One station was about the relationship between owls and cows. When delegates were asked if they knew about the relationship, many said, “I have no idea,” while others knew right away. Once handed an informational flier, they learned that owls take care of rodent control for dairy farmers by preventing tunneling under concrete and eventual breakdown, while keeping rodents from contaminating feed.

Delegates received items from the California Milk Advisory Board and were told about how the Real California Seal supports local dairy farmers throughout the state.

The animal shelter group learned about proper treatment of animals in a project to help supply Clovis Animal Shelter visitors with the proper materials to care for newly acquired animals. The groups put together adoption packs and made tie blankets and dog toys.

The last service learning group traveled to a Davis greenbelt, where they mulched trees and restored the park area. They partnered with Tree Davis to learn more about the benefits of trees while helping the Davis area.

The delegates attended educational sessions that built leadership, teamwork and communication.
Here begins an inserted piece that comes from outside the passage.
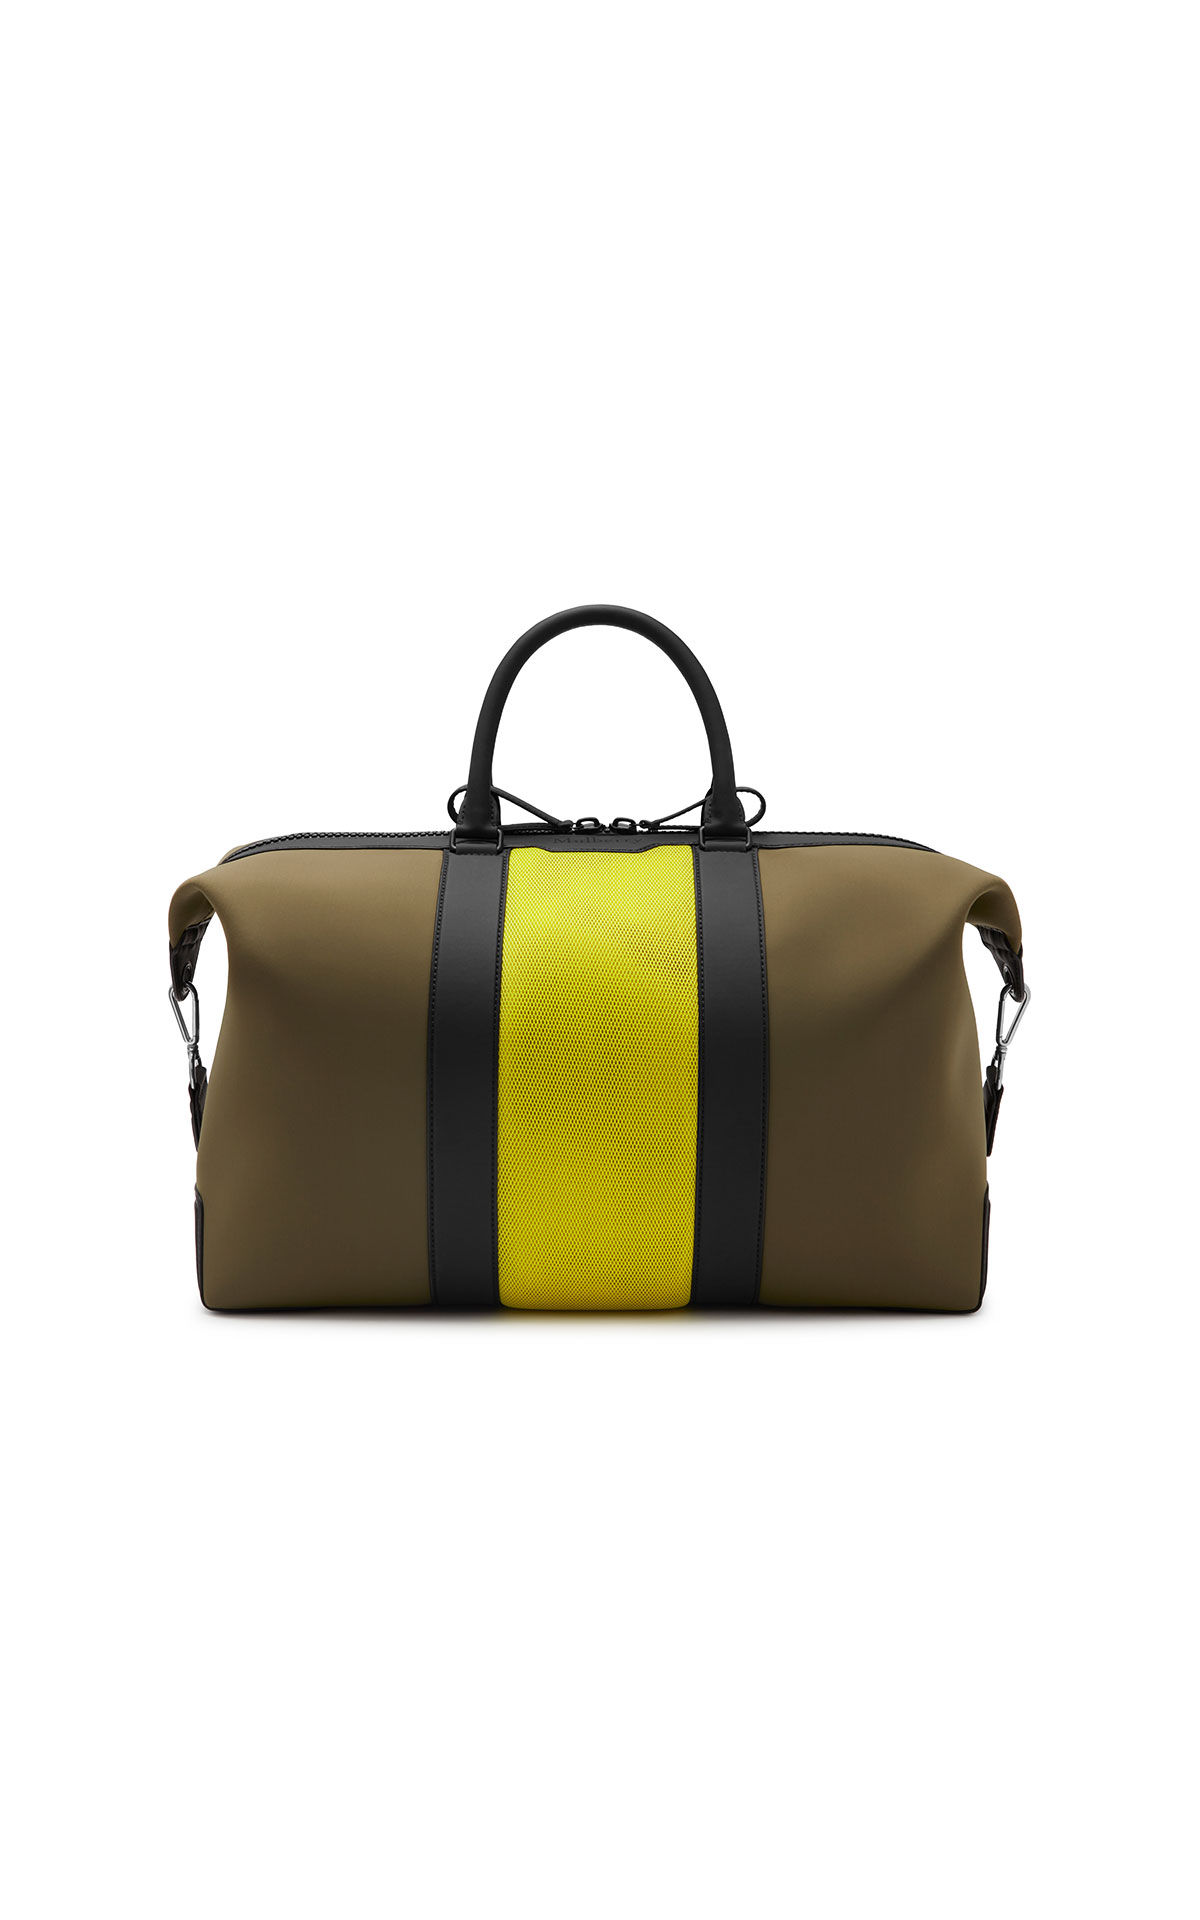 Mulberry Striped weekender bag from Bicester Village

Sessions included the Haagen Dazs Honey Bee Haven tour, healthy living bike rides, Zumba, talks by equine professors and UC Davis campus tours.

Speakers Scott Backavitch, Chris Boleman and A.J. Adams encouraged youths to become leaders in their communities to address and solve problems.

The conference’s first-ever awards show, complete with red-carpet entrances of the hosts and state ambassadors, recognized 4-H members who have made outstanding achievements. Among other firsts at the conference was a performance by a state band and dance troupe made up of 4-H members.

The 2012-13 state ambassadors and their advisers completed their 14-month term at the conference after a year of representing California 4-H at state and national levels, as well as planning the State Leadership Conference.

Dominique Germann is a freshman at Modesto Junior College and a member of The Bee’s Teens in the Newsroom program.